I think I have to find angular acceleration, α.

T = rma
T = rmα
T = rm(αr)
T = α(mr^2)
ΣT = αΣ(mr^2)

am I on the right track so far?
How do I incorporate height into this, do I want to find angular acceleration in the y direction?

 

[learningphysics]

Do they give a picture? If not draw a picture... Draw a wheel standing against a block of height h.

the point where the block and the wheel touch... you want the torque about the point to be zero...

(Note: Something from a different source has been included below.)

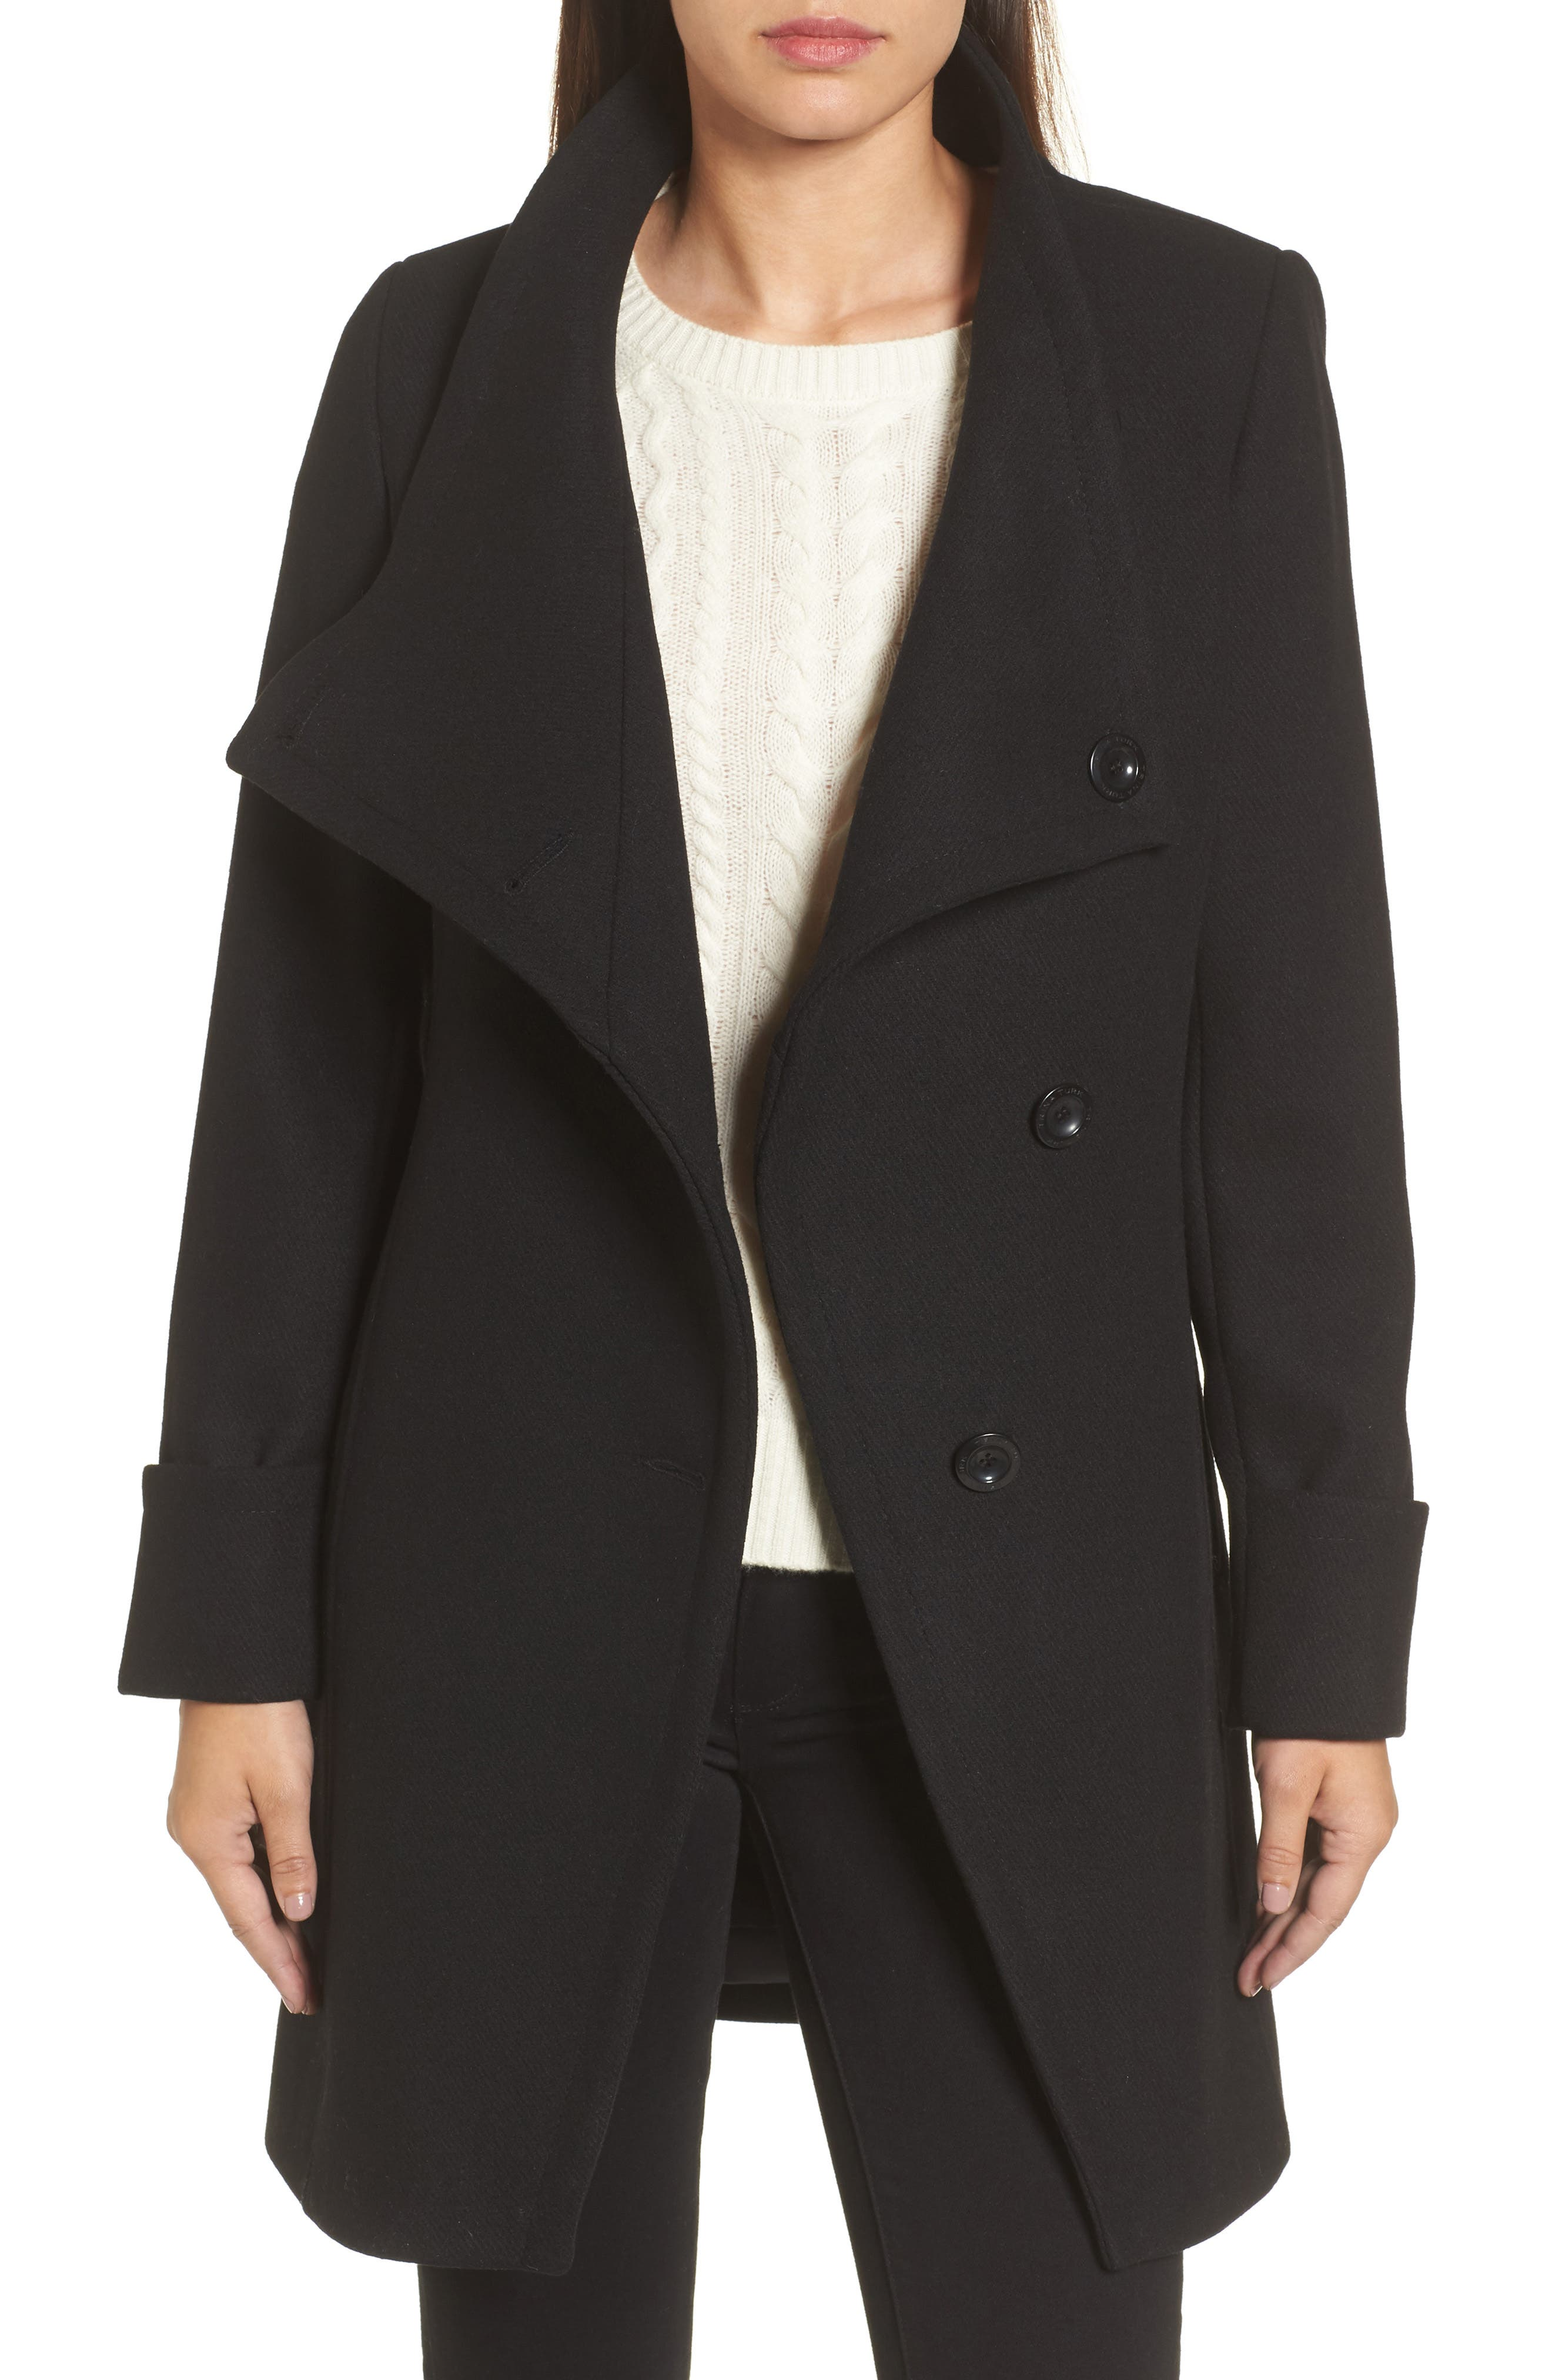 Alternate Image 1 Selected - Trina Turk Fiona Double Breasted Coat

you have two forces involved for this torque... the weight and the horizontal applied force.

 

[ogb p]

Yes, you are on the right track. To incorporate the height into the equation, you can consider the torque required to lift the wheel over the obstacle. This torque would be equal to the weight of the wheel multiplied by the height of the obstacle, since the force required to lift the wheel is equal to its weight. So the equation would become:

T = rFnet + Wh

Since we want to find the minimum force required, we can set the net force equal to zero (assuming the wheel is just barely lifted over the obstacle). This gives us:

0 = rFmin + Wh

Solving for Fmin, we get:

Fmin = - Wh/r

So the minimum force required to raise the wheel over the obstacle would be equal to the weight of the wheel multiplied by the height of the obstacle, divided by the radius of the wheel. This makes intuitive sense, as a larger obstacle or smaller wheel radius would require a greater force to lift the wheel.